Lo único que, de tanto en tanto, subía hasta mí la voz de madrina. La sentía
andar entre plumas como el picor de las pulgas que hasta en los buitres deben
sentar sus reales. Bajo la sábana inflada de viento y de sol, volvía a ser de noche;
esas noches en que maína Jobiana me contaba cuentos. Los de Las Mil y una
Noches y también historias con brujas, enanos, sapos tan grandes como bueyes y
animales alados. “… una vez un caminante
acorralado por el miedo se escondió en un pozo y se colgó de una rama. Pero de
repente vio que debajo de él había una gran víbora-perro que echaba fuego por
los ojos, y otra más, y otra más y otra más… El caminante miró hacia arriba y
vio que dos ratones, uno blanco y otro negro, comían al apuro y con un hambre
más grande que el mundo la ramita de la que él estaba colgado. Pero entonces,
al volver la cabeza con desesperación buscando una salida, sólo vio colgada de
otra rama una colmena que casi le tocaba la cabeza. Se puso a lamer la miel y
se olvidó de los ratones que roían la rama y de los cuatro dragones que
esperaban abajo con las bocas dientudas y llameantes…”

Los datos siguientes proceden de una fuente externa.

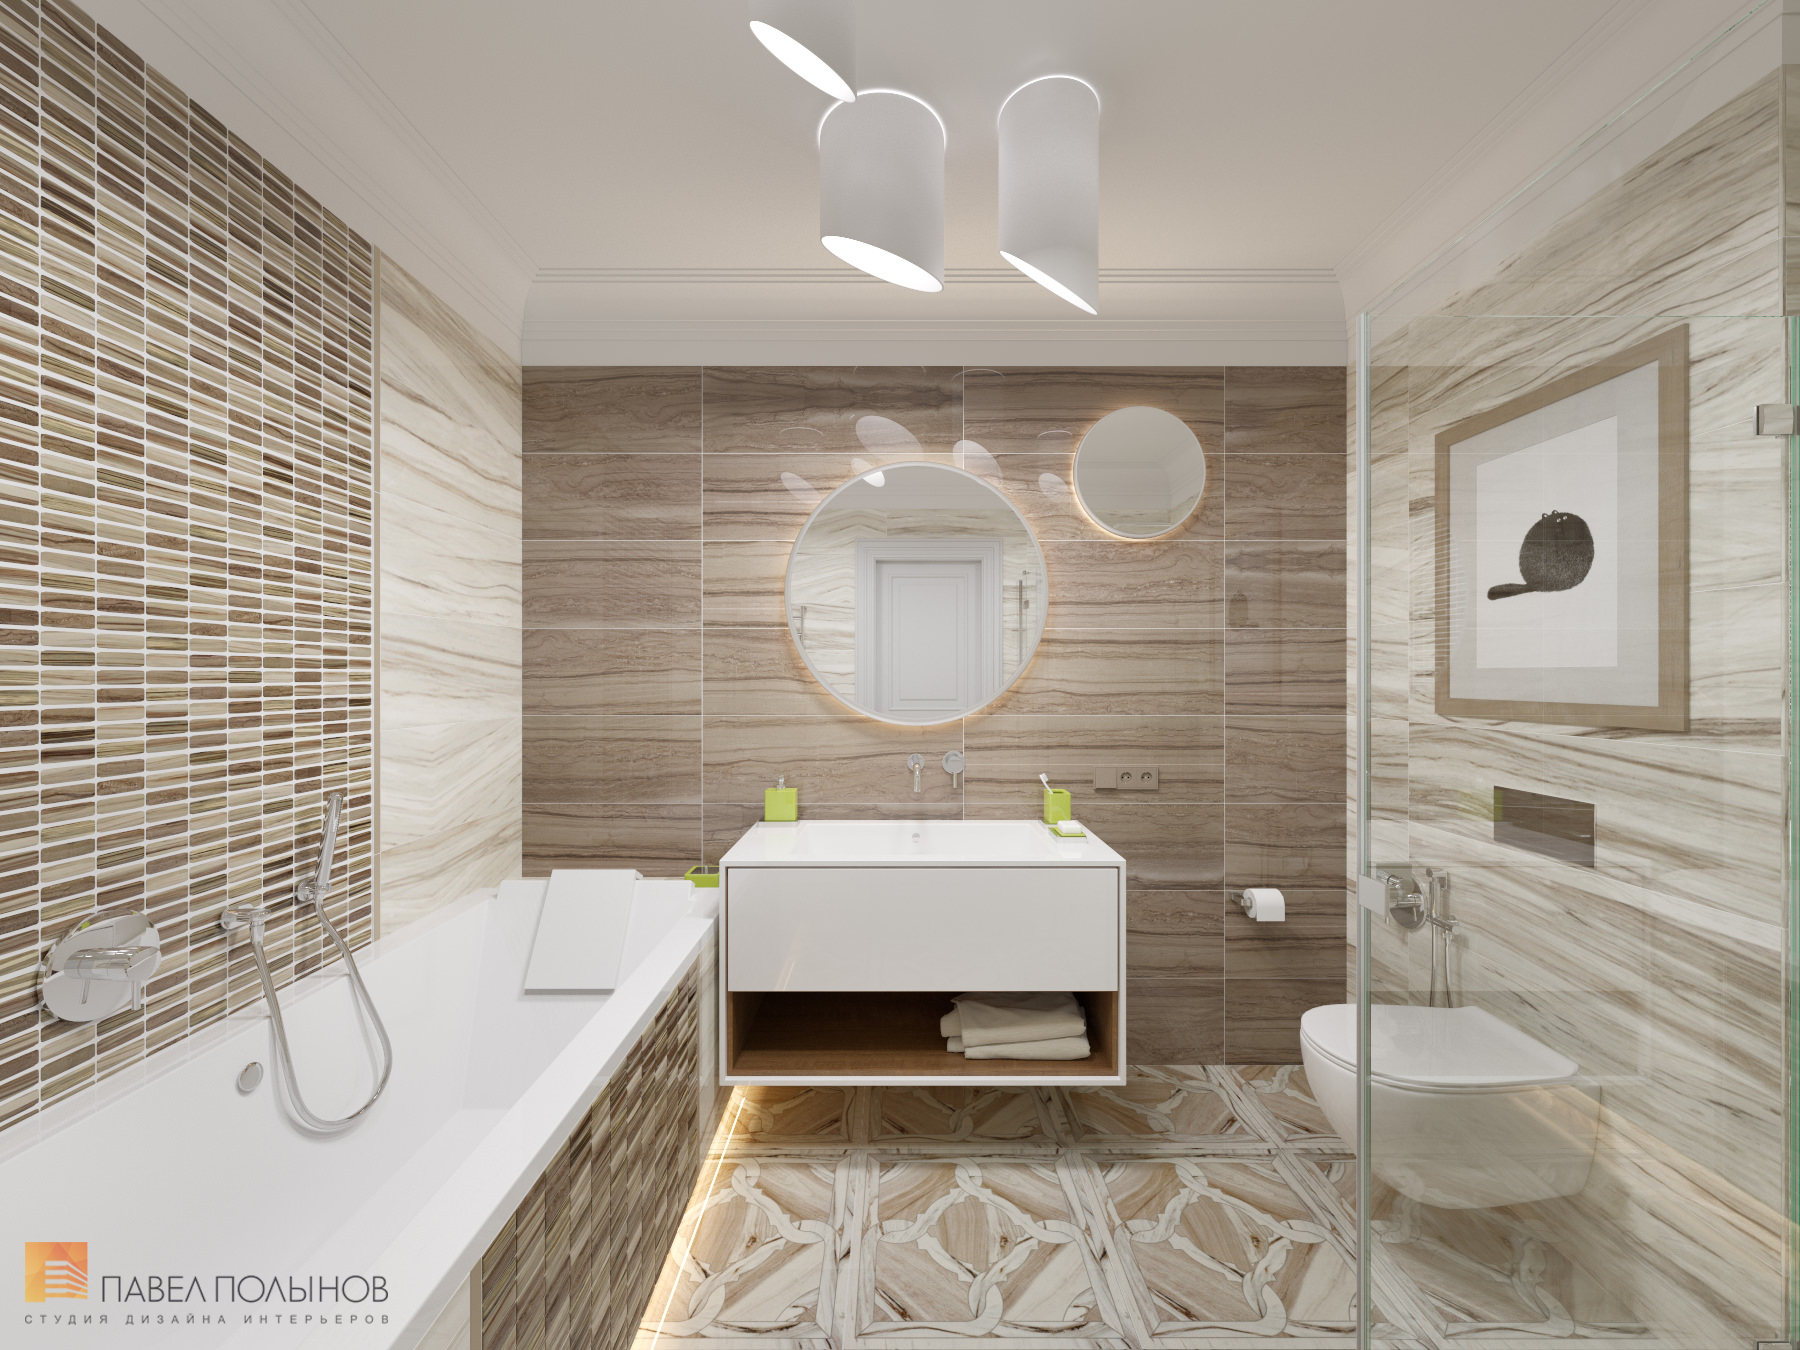 Фото дизайн ванной из проекта «Интерьер квартиры в стиле неоклассики, ЖК «Парадный квартал», 190 кв.м.»

“¡Soy un buitre blanco!, grité borrando la voz de madrina, soplando esa pulga
que se me había pegado al miedo entre las plumas y que me chupaba la sangre
justo del lado del corazón. Abrí de nuevo los ojos. A mis pies daba vueltas lentamente
un pueblo desconocido. Lo reconocí a puchitos. Entonces vi arrastrarse el
culebrón del gentío tras las andas de la Inmaculada Concepción de los Sietes
Caballeros del Valle-Grande.
Busqué con los ojos el camino real. Sobre esa raya de tierra colorada
que rajaba el valle, envuelto en una nube de polvo, el carruaje de don
Natalicio Miranda, no más grande que la frutita negra del pacholí. Desde
adentro, María Matutina, la mano sobre la boca, me estaría viendo volar. Ahora
ella era quien padecía por mí, y no yo que, escondido entre los pajonales,
esperaba el paso del carruaje de regreso a la estancia. Yo sacaba pecho en el
aire. La humareda azulada del horizonte, aplastada contra la lejanía. ¡Era mío
todo el mundo!
Pero lo que veía subir en este momento como bala era el pozo de la salamanca
hacia donde me estaba llevando el viento con el capricho de una mula tuerta. El
mismo lugar en que treinta años más tarde van a blanquear los huesos de Atilano
y sus compañeros acorralados por los regulares, al comienzo mismo de las
guerrillas. Sentí que el miedo me ablandaba de golpe las uñas agarrotadas a las
tacuaras. Me achiqué en una burbuja, la más pequeña de esos millones de
burbujas que me chupan hacia abajo. Ya no quise ser más que el agujero de la
nada. Salté hacia atrás, hacia arriba, hacia los recuerdos, hacia lo que estaba
antes de los recuerdos. Y la memoria sólo me permitió gritar ¡Socorro!,
aferrándose al amuleto que no tenía, al corazón del colibrí que se había volado
esa mañana. Me respondió el ruido de las cañas quebrándose como tiros contra
las piedras del precipicio. La sábana me tapó la cara.